DOE Makes Award Negotiations for Regional Clean Hydrogen Hubs

Through funding made possible by the Bipartisan Infrastructure Law (BIL), the Department of Energy’s Regional Clean Hydrogen Hubs (H2Hubs) will catalyze a framework of producers and consumers of hydrogen with an infrastructure system that supports the production, storage, delivery, and end-use of clean hydrogen. With a focus on producing clean hydrogen power at the commercial level, H2Hubs is looking to generate clean power and create a new outlet for energy storage. To accomplish its goal, the Office of Clean Energy Demonstrations looks to a series of hubs awarded to specific groups to begin making the dream a reality.

Through a group effort, H2Hubs expects to reduce 25 million metric tons of CO2 emissions from the end user annually. For perspective purposes, this roughly equals the yearly emissions of 5.5 million cars outfitted with the internal combustion engine. In the process, the health of communities will be improved and sustained by creating more than ten thousand new jobs.

To be considered for the award designation, each hub had to produce a work plan listing the speed at which hub operations were possible and specific details on how it would be managed. Additionally, a management team and project partners were required to be identified. With such a positive impact expected on society, each hub must produce a community benefits plan that identifies an interpretation of how the community and the labor force will engage. To meet those healthy community and job creation standards, each hub must explain its workforce development plan and how it will address the diversity equity inclusion requirements and the Justice40 Initiative.

Award Winners

  • Appalachian Hydrogen Hub: The Appalachian Regional Clean Hydrogen Hub (ARCH2) will span West Virginia, Ohio, and Pennsylvania with a federal cost share of $925 million. It will target the area’s natural gas supply to produce clean hydrogen and permanently store carbon emissions. The hub projects an annual CO2 emissions reduction of 9 million metric tons annually. The hub will additionally support the creation of 18,000 construction jobs specific to the project and 3000 permanent jobs after construction is completed.
  • California Hydrogen Hub: The Alliance for Renewable Clean Hydrogen Energy Systems (ARCHES) Hub will reside only in California but will draw $1.2 billion in federal funding. It will draw upon the state’s superior clean energy technology to produce hydrogen from renewable and biomass energy sources alone and focus on decarbonizing the public transportation sector. The hub plans to reduce emissions by 2 million metric tons annually.
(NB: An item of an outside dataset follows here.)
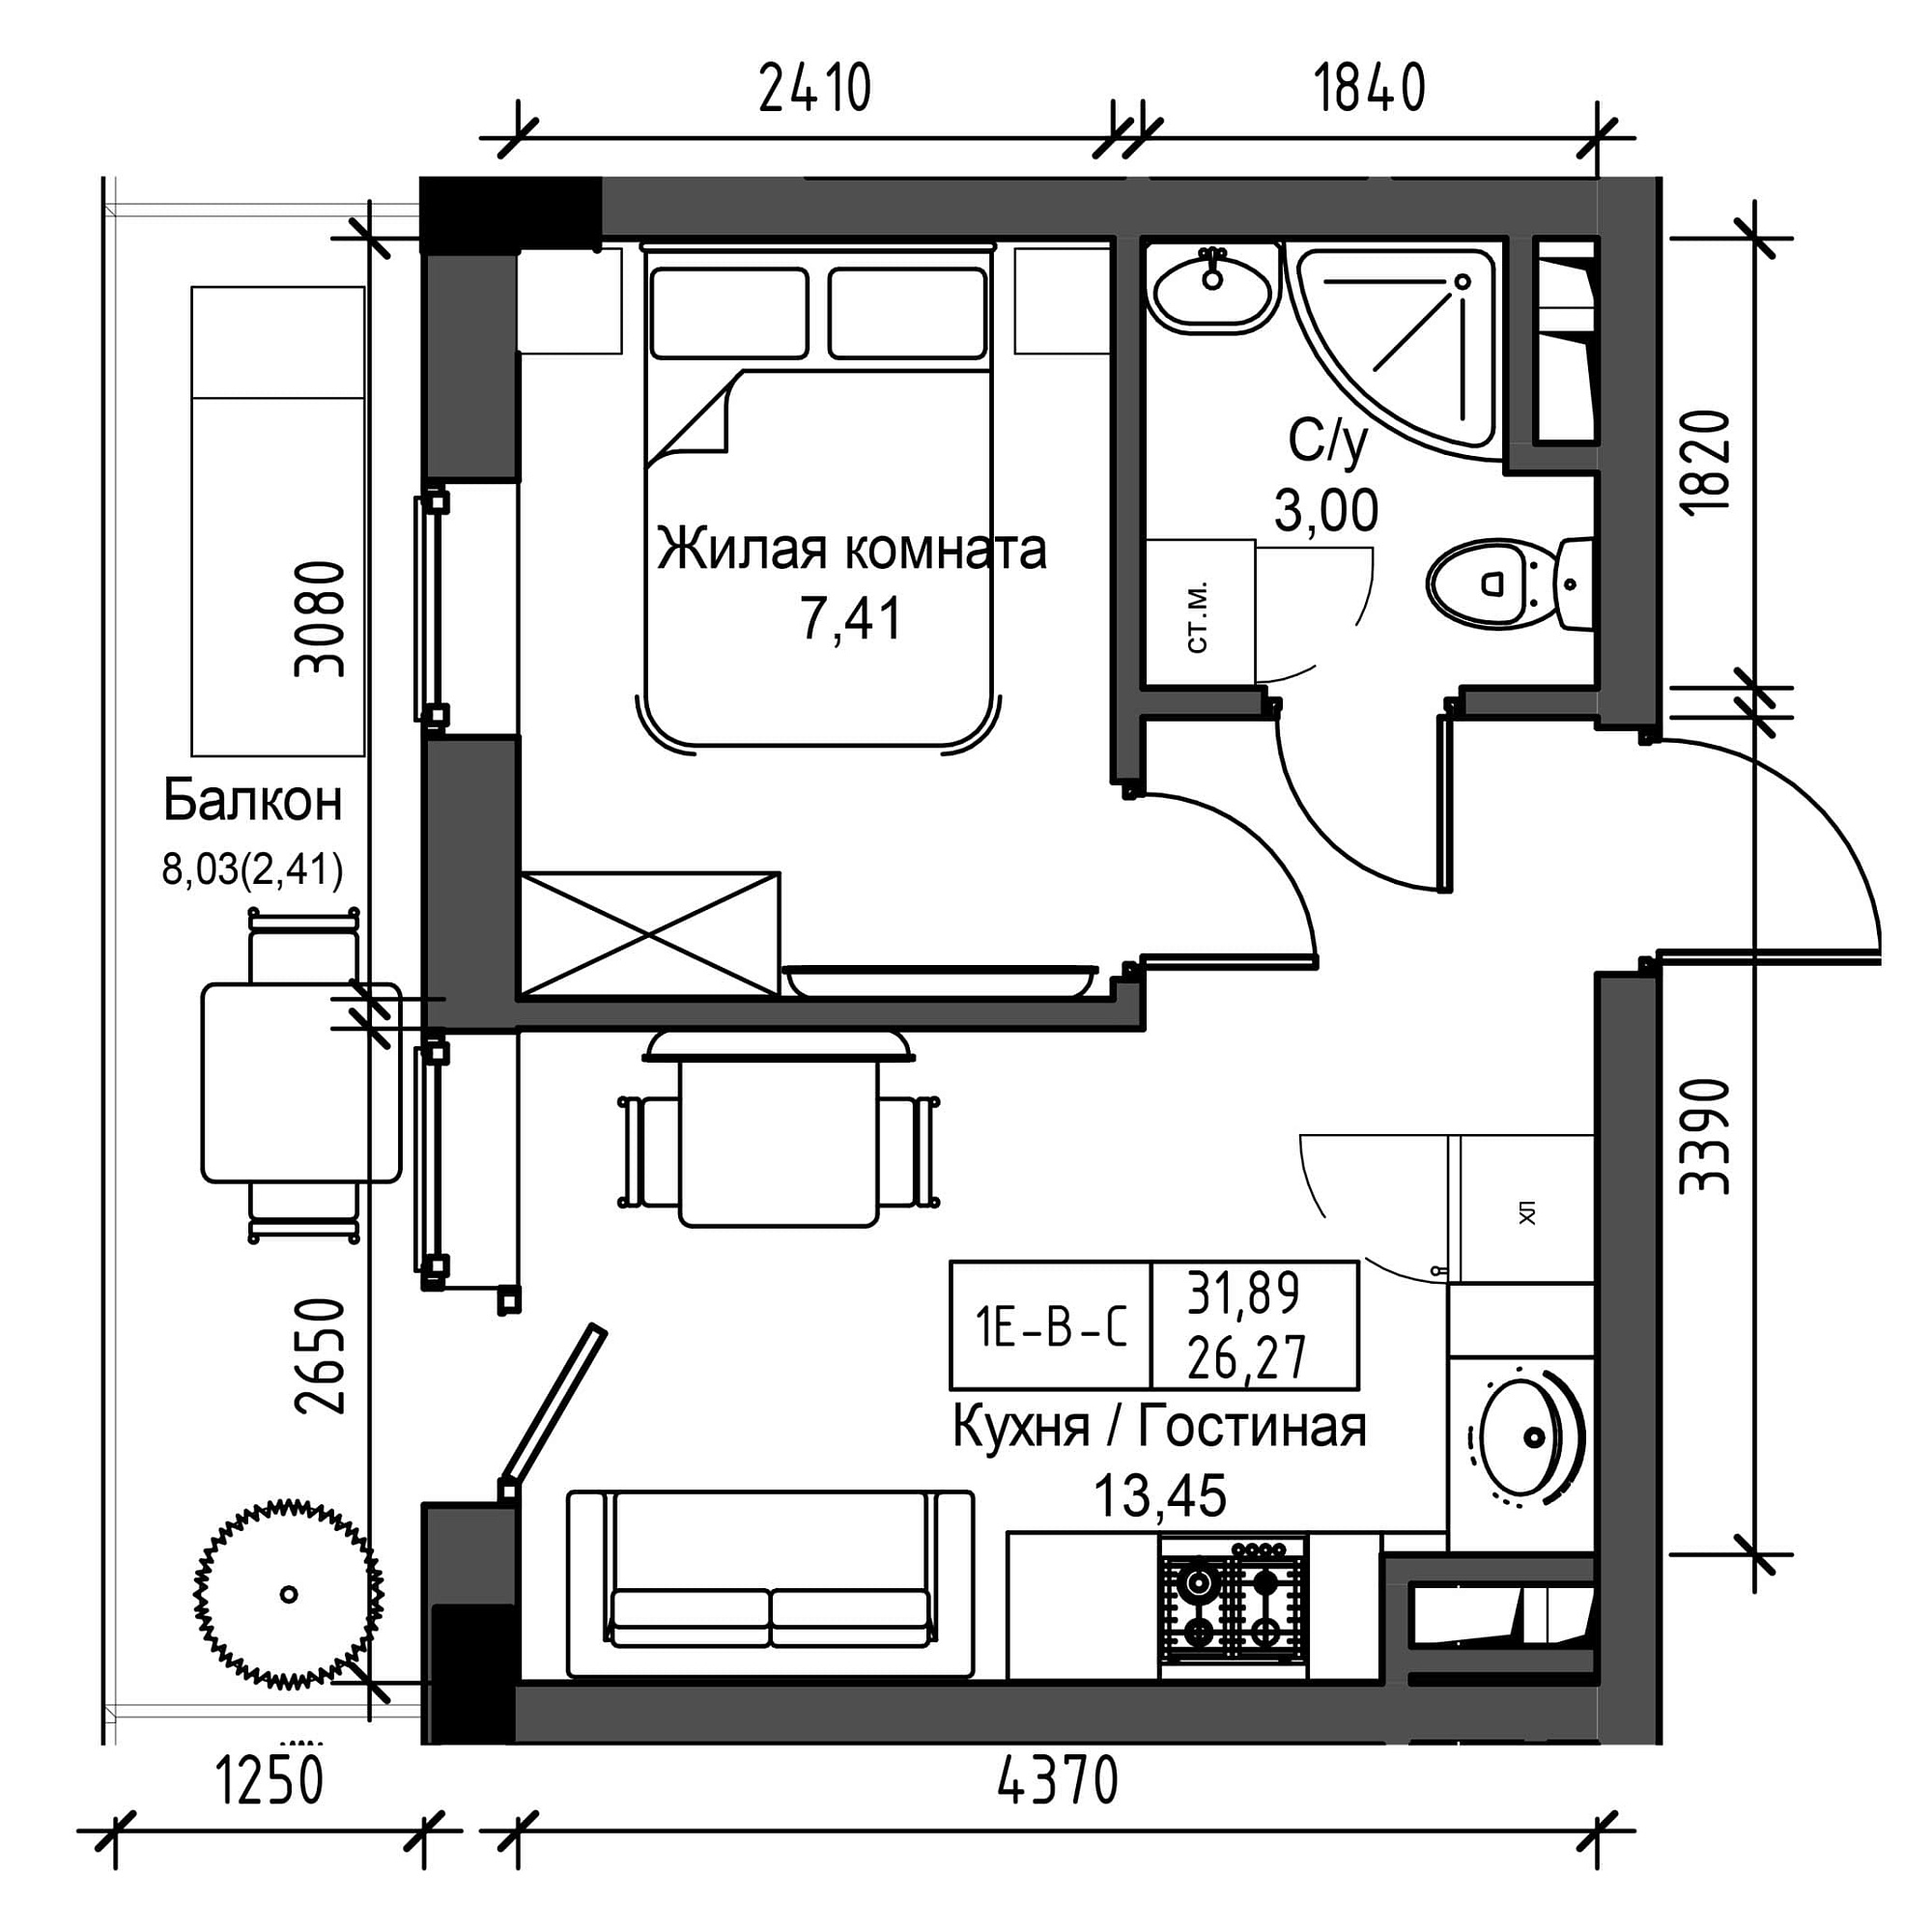 Планировка 1-к квартира площей 26.27м2, UM-001-07/0015.

While the project will create 130,000 jobs during construction, the surrounding communities will benefit from 90,000 permanent jobs available upon completion.
  • Gulf Coast Hydrogen Hub: The HyVelocity H2Hub has selected Houston as its central focal point but will span across Texas, taking advantage of $1.2 billion in federal funds. This regional hub plans for hydrogen production on a large scale, which will be made possible through natural gas with carbon capture as well as electrolysis powered by renewables. The Gulf Coast Hydrogen Hub plans to sequester carbon in slat dome caverns, open a large pipeline, and develop numerous hydrogen refueling stations, all while reducing emissions by 7 million metric tons per year. The hub will provide 35,000 construction jobs and 10,000 permanent positions.
  • Heartland Hydrogen Hub: Heartland Hub (HH2H) will develop its hydrogen hub in North and South Dakota and neighboring Minnesota. Utilizing $925 million in federal dollars, the group will seize the benefits of abundant energy resources in the area and assist the agricultural sector with decarbonization, specifically in fertilizer production. Development will also be pointed at the use of hydrogen in the utility sector. The group’s initiatives are expected to rid the planet of almost one million metric tons of carbon annually. The Heartland Hydrogen Hub project hopes to provide 3,880 jobs, with 3,067 being in construction and the remainder being permanent roles.
  • Mid-Atlantic Hydrogen Hub: The Mid-Atlantic Clean Hydrogen Hub (MACH2) will follow a unique path and direct its attention to repurposing existing infrastructure and utilizing existing rights-of-way to provide hydrogen-based decarbonization. With $750 million in federal funding, renewables, and nuclear energy will be the source of new renewable hydrogen production facilities. While providing the ability to rid the planet of one million metric tons of carbon, the hub will provide 14,400 construction jobs and 6,400 full-time roles.
  • Midwest Hydrogen Hub: The Midwest Alliance for Clean Hydrogen (MachH2) hub encompasses an area that touches Illinois, Indiana, and Michigan. It will concentrate on enabling decarbonization through hydrogen in producing steel and glass, power generation, refining, heavy-duty transportation, and sustainable aviation fuel. By successfully decarbonizing these areas of interest, the Midwest Alliance for Clean Hydrogen expects to reduce carbon emissions by approximately 3.9 metric tons annually. It will create 12,100 construction jobs and an additional 1,500 permanent positions.
  • Pacific Northwest Hydrogen Hub: The PNWH2 Hub will call upon its $1 billion federal funding share to produce hydrogen only through electrolysis across Washington, Oregon, and Montana. The hub will drive the costs of electrolyzers down significantly through its abundant use. It expects to sequester 1.7 million tons of CO2 emissions annually and provide 350 new job positions. PNWH2 Hub additionally forecasts 8,050 jobs becoming available for the construction phase.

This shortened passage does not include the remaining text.